Lo stomaco ti brucia. Continui ad ingoiare il latte giallognolo con grande fatica. Ti hanno detto che esistono dei farmaci che aiutano a prender peso, ti hanno detto che li vendono al mercato sottobanco, che però sono pericolosi, che si può morirci. Un paio di volte ci hai pensato. Hai pensato che sarebbe bello ingrassare senza doversi sottoporre allo straziante rituale dell’ingozzamento. E hai anche pensato che assumersi il rischio di morire sia meno faticoso che ingurgitare dieci pasti al giorno. Perché succede che i crampi alla pancia si facciano insostenibili, che la testa ti faccia male e la mente ti si annebbi; succede che gli occhi ti si chiudano e che il tuo stomaco sia pieno fino all’orlo, cosicché il cibo è costretto ad intraprendere il cammino che tu gli hai intimato nel senso opposto. Ma hai imparato ad abituarti al sapore acido del vomito, hai imparato a dominare l’istinto che ti dice di fermarti, che nell’incastro di organi e tessuti che sorreggono la tua persona non c’è più spazio dove immagazzinare tutte le sostanze che le stai propinando. Perché la tua ostinata volontà di diventare bella è più forte dei capricci di un corpo giovane e inesperto che non sa cosa è meglio per lui, perché non conosce le parole cattive e sprezzanti delle donne del villaggio, non conosce l’invidia degli incontri con le amiche in cui fate a gara a chi possiede il numero più alto di smagliature, non sa quanto sia importante trovarti un marito. 

Abbassi lievemente la ciotola e scorgi lo sguardo di tua madre fisso su di te. Ti guarda con affetto e fermezza. Torni ad inzuppare il tuo volto nel latte. È stata lei a stabilire che era giunto il momento, il momento di farti diventare donna, perché lei alla tua età pesava quasi quindici chili più di te e aveva sposato tuo padre pochi mesi più tardi. E quindi una mattina a colazione ti aveva servito una doppia razione di zuppa d’avena e ti aveva detto che quel giorno cominciava il tuo gavage e che avevi tre mesi per prendere venti chili. 
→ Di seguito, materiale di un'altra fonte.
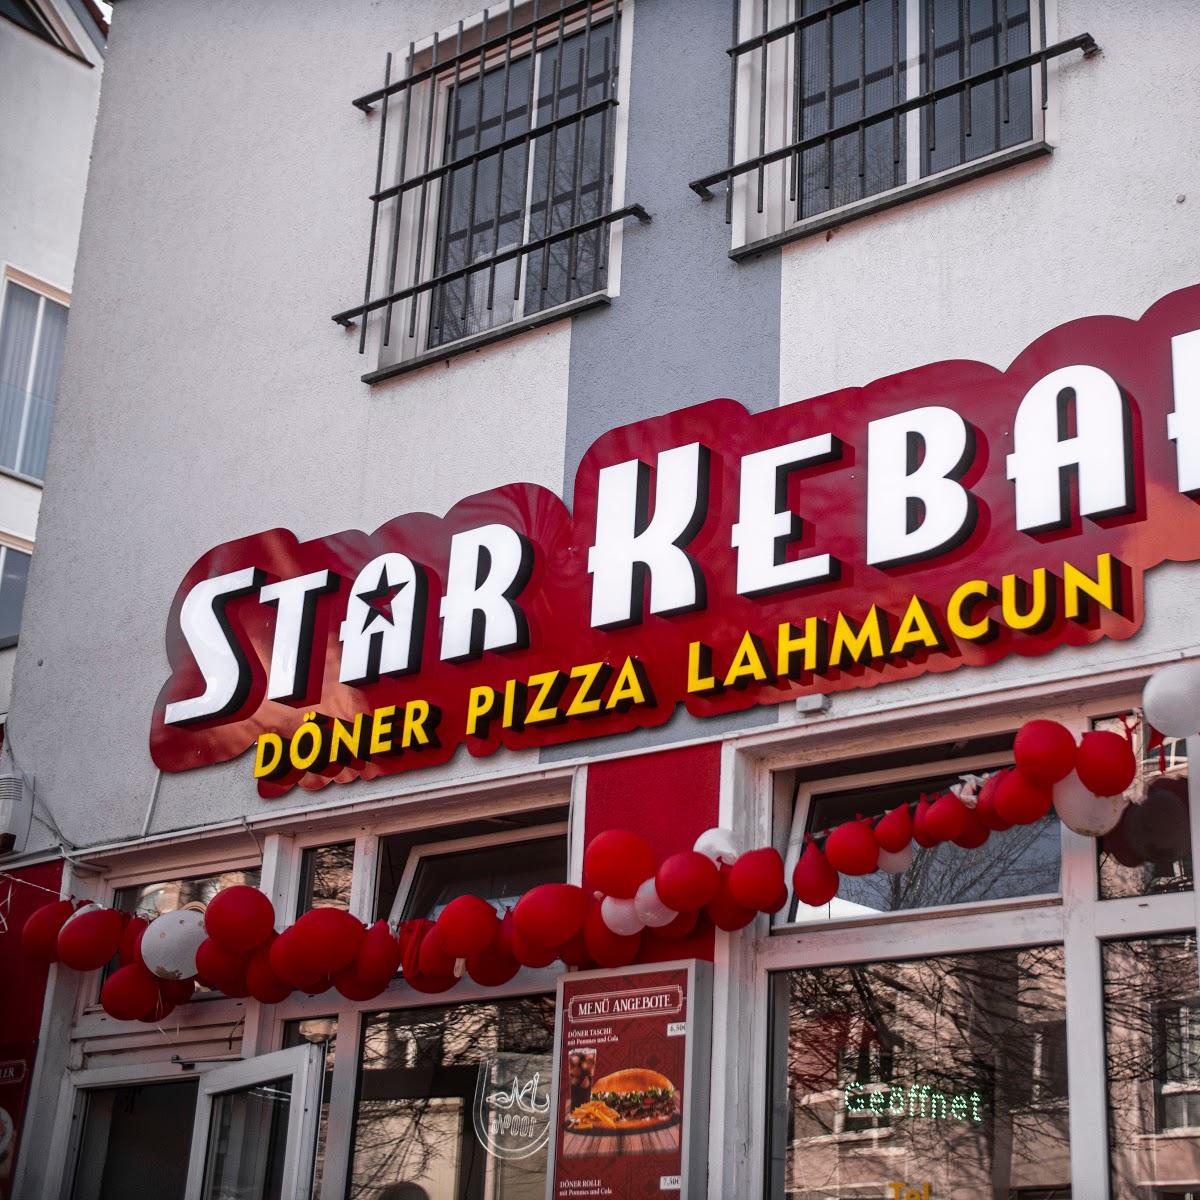 Restaurant "Star Kebap" in Hannover

Da allora ogni settimana un uomo con lo sguardo impassibile viene a casa vostra armato di una grande bilancia argentata e ogni volta, immancabilmente, tu e tua madre vi sporgete impazienti e fiduciose a leggere il verdetto sentenziato dall’ago, che puntualmente si posiziona su un numero che non soddisfa le vostre aspettative. Tua madre sospira e tu esci dalla stanza imbronciata. Temi che tutte le cibarie che ti butti a forza giù per l’esofago non siano sufficienti e la tua paura più grande è essere spedita in un campo nel deserto e sottoporti alle angherie di qualche vecchia custode, come tua sorella. Tua sorella mangiava poco e vomitava spesso, quindi era stata mandata in una di queste strutture di ingrasso intensivo. Era tornata dopo un paio di mesi con tre dita dei piedi rotte e una decina di lividi. Però una nuova consistente patina di grasso ricopriva il corpo esile che avevi conosciuto nei vostri giochi di bambine. Si era sposata dopo poche settimane e aveva abbandonato la casa paterna per quella, sconosciuta e remota, di un uomo che aveva almeno il doppio della sua età. Ora la vedi raramente e, quando succede, ti racconta soltanto che il cuore le fa male e che non riesce a stare in piedi per più di dieci minuti.

Il latte è finito. Posi la ciotola. Hai un conato di vomito, ma riesci a trattenerti. Tua madre, dall’altro capo della stanza, ti sorride.